WORK ORDER:
Write out each line below precisely, passing over the pictures.
** DATA SECTION follows **
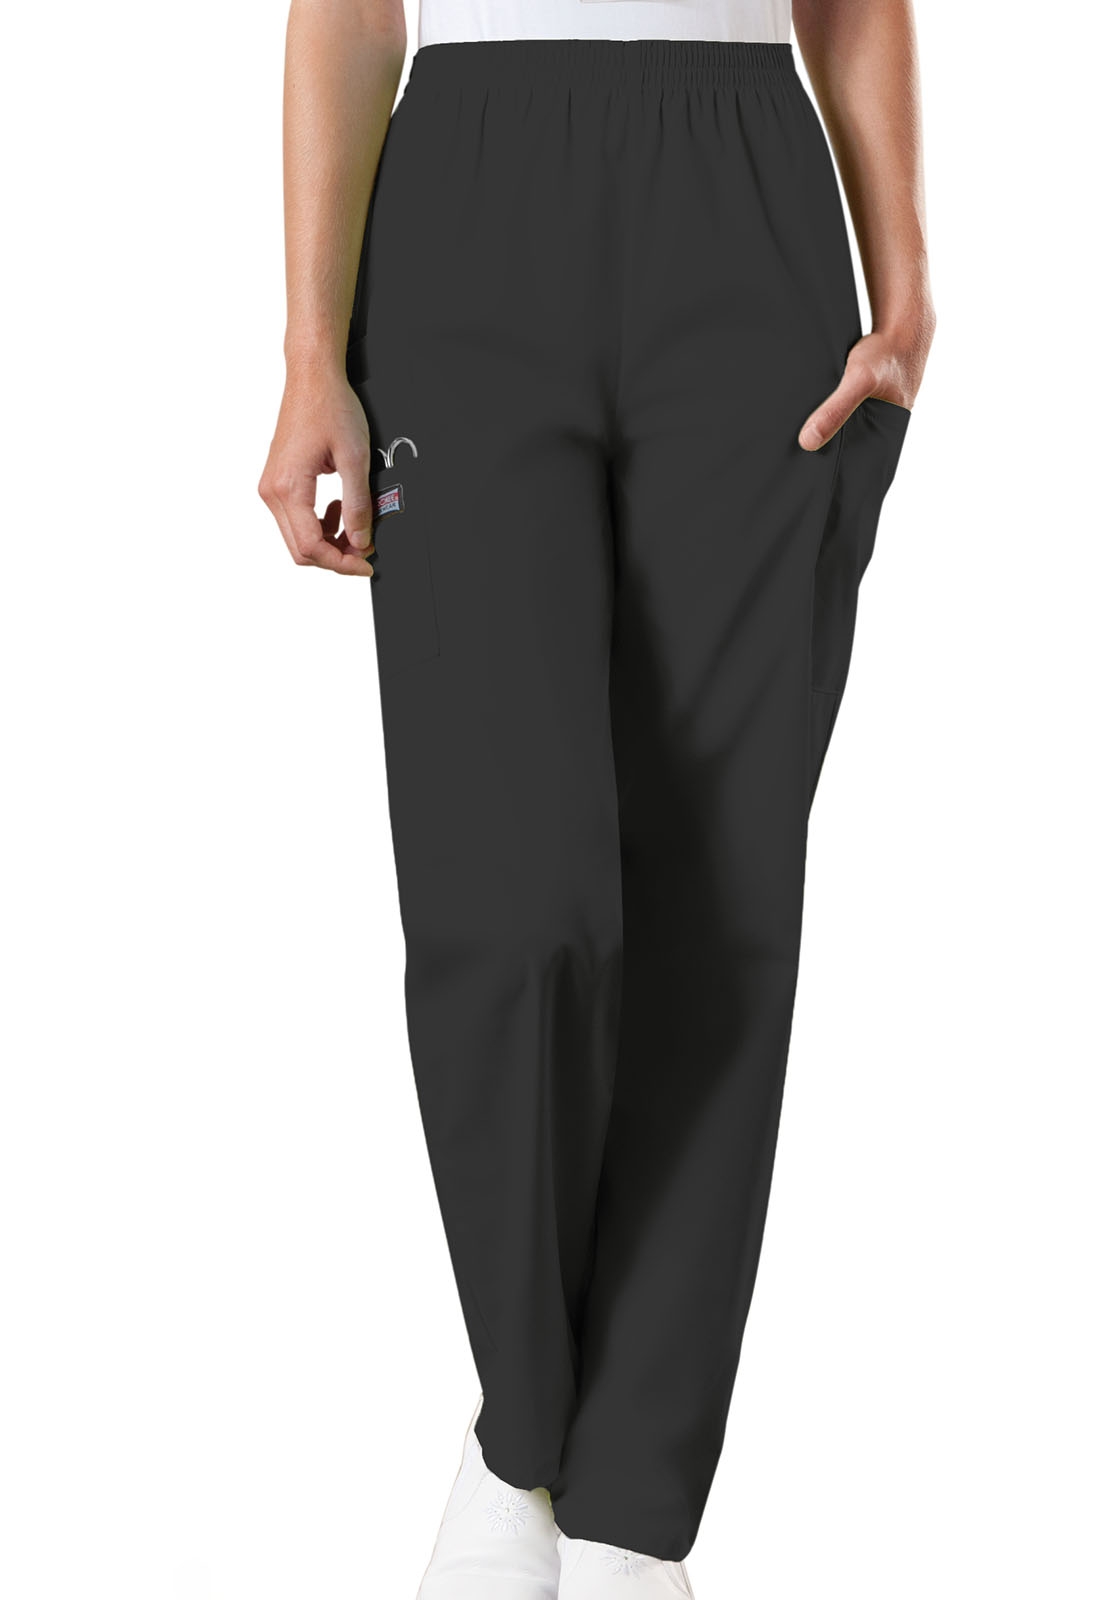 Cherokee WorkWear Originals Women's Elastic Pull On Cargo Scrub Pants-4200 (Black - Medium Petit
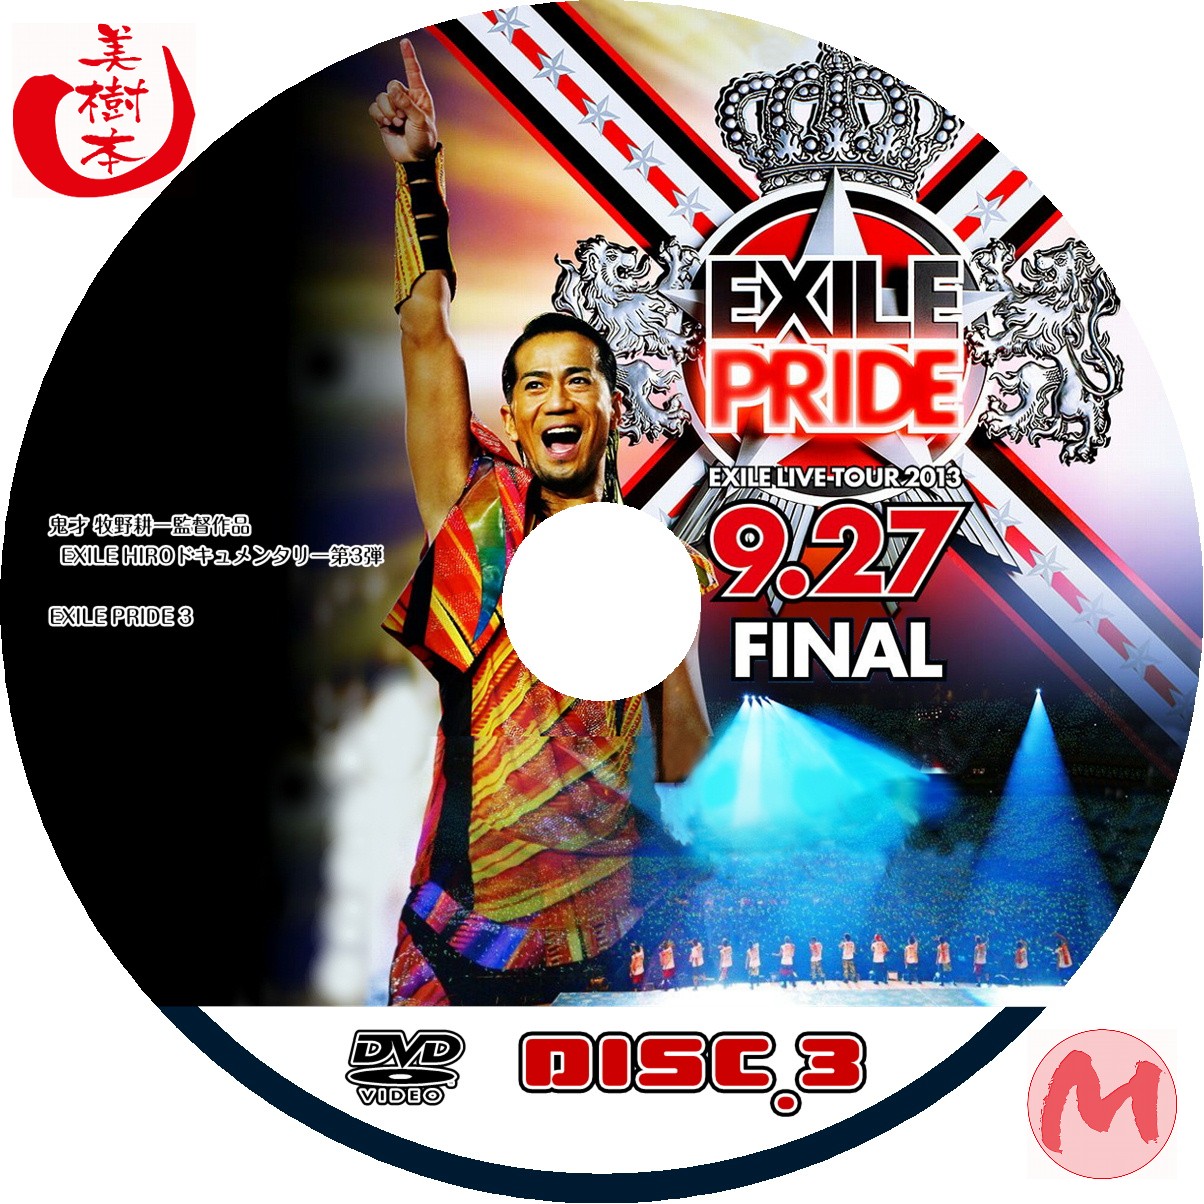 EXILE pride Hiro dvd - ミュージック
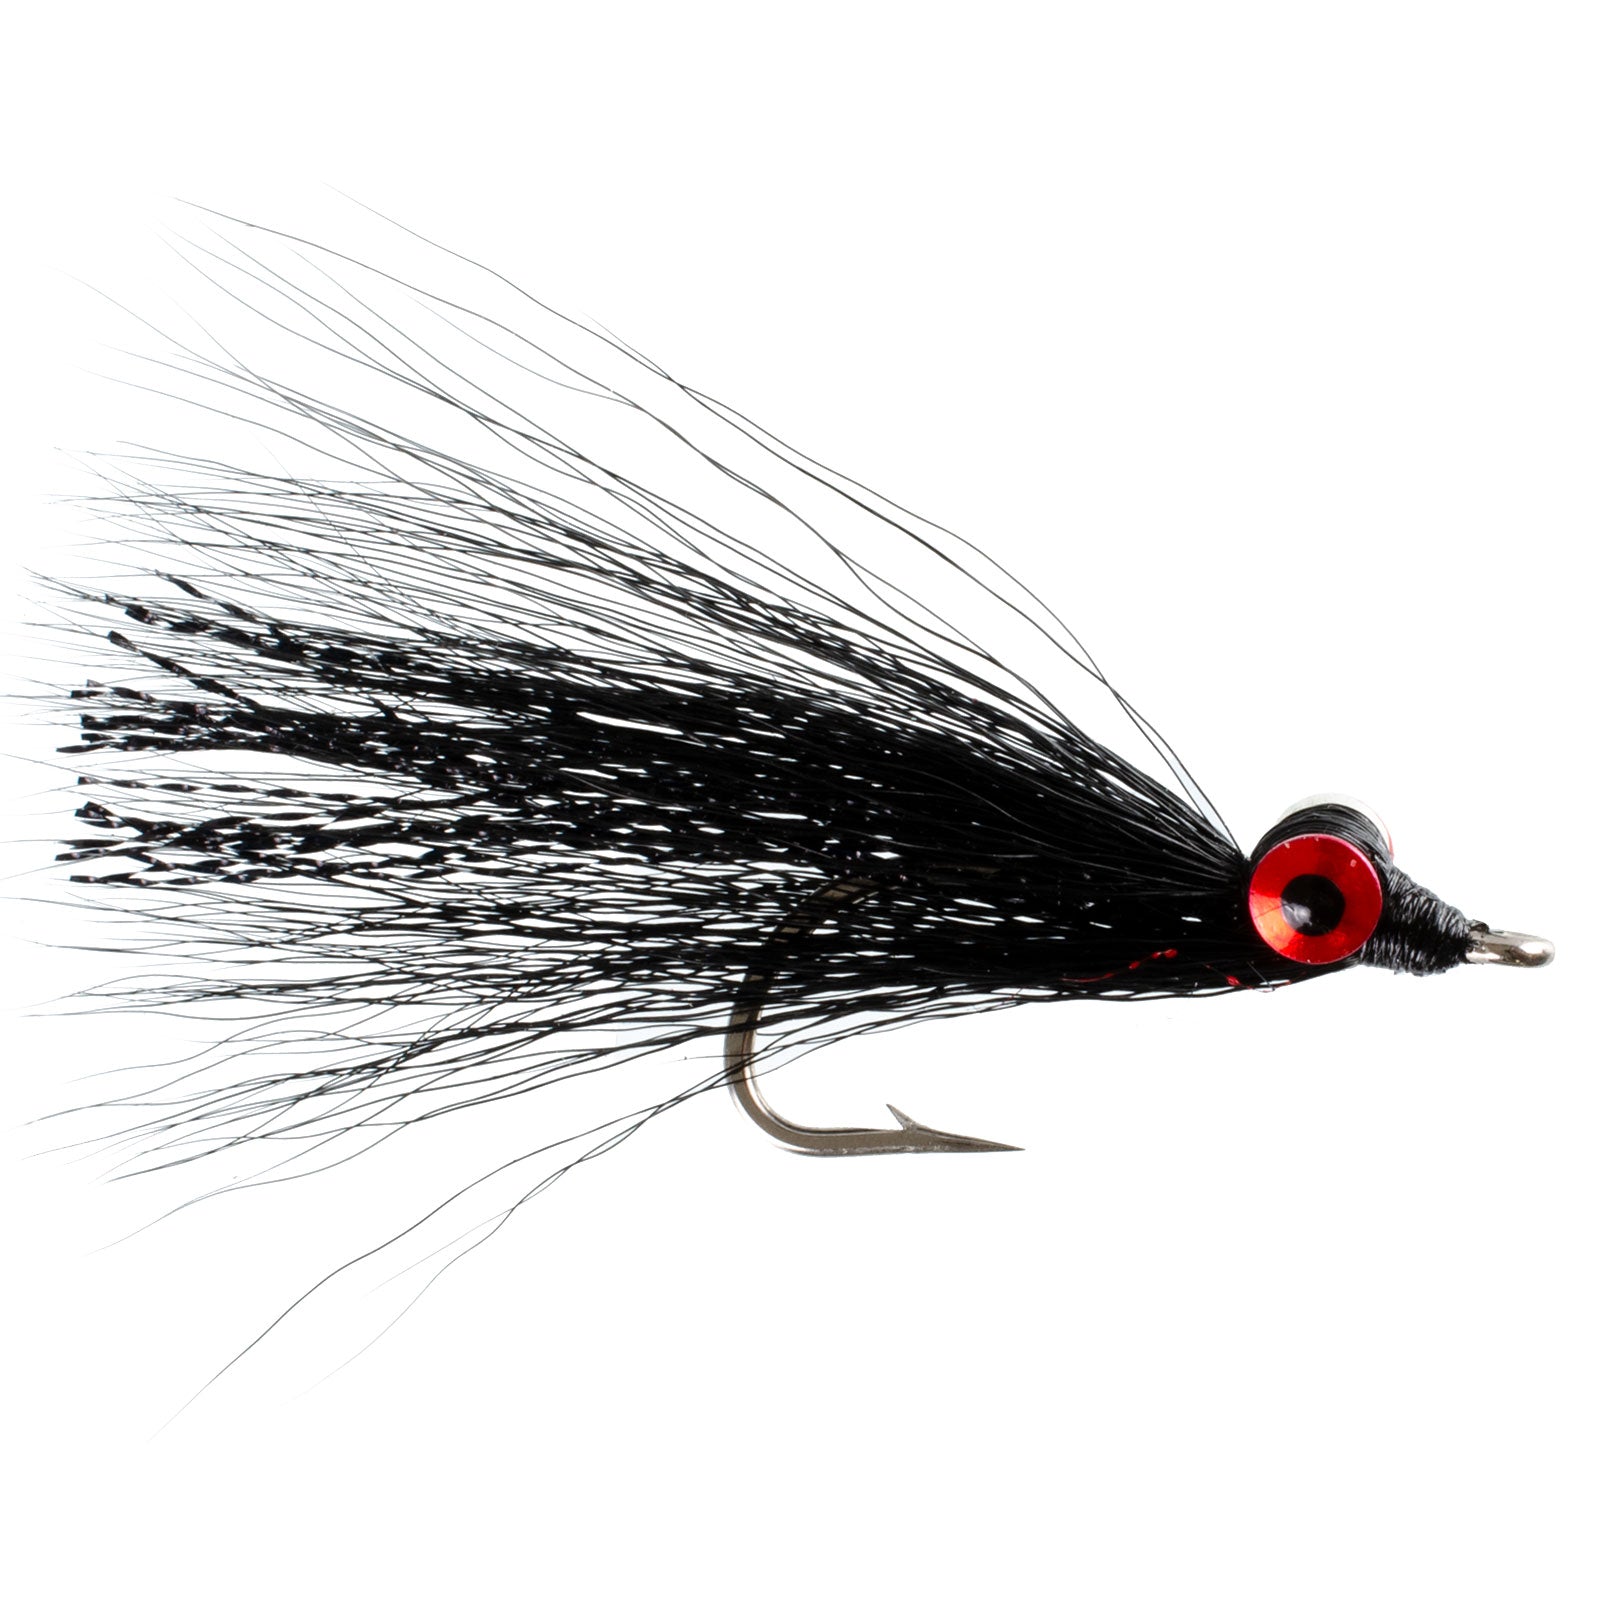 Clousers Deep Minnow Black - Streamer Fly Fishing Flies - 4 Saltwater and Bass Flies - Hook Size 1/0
** End of DATA SECTION **
THE COMPLETED TASK:
 Cherokee WorkWear Originals Women's Elastic Pull On Cargo Scrub Pants-4200 (Black - Medium Petit
 EXILE pride Hiro dvd - ミュージック
 Clousers Deep Minnow Black - Streamer Fly Fishing Flies - 4 Saltwater and Bass Flies - Hook Size 1/0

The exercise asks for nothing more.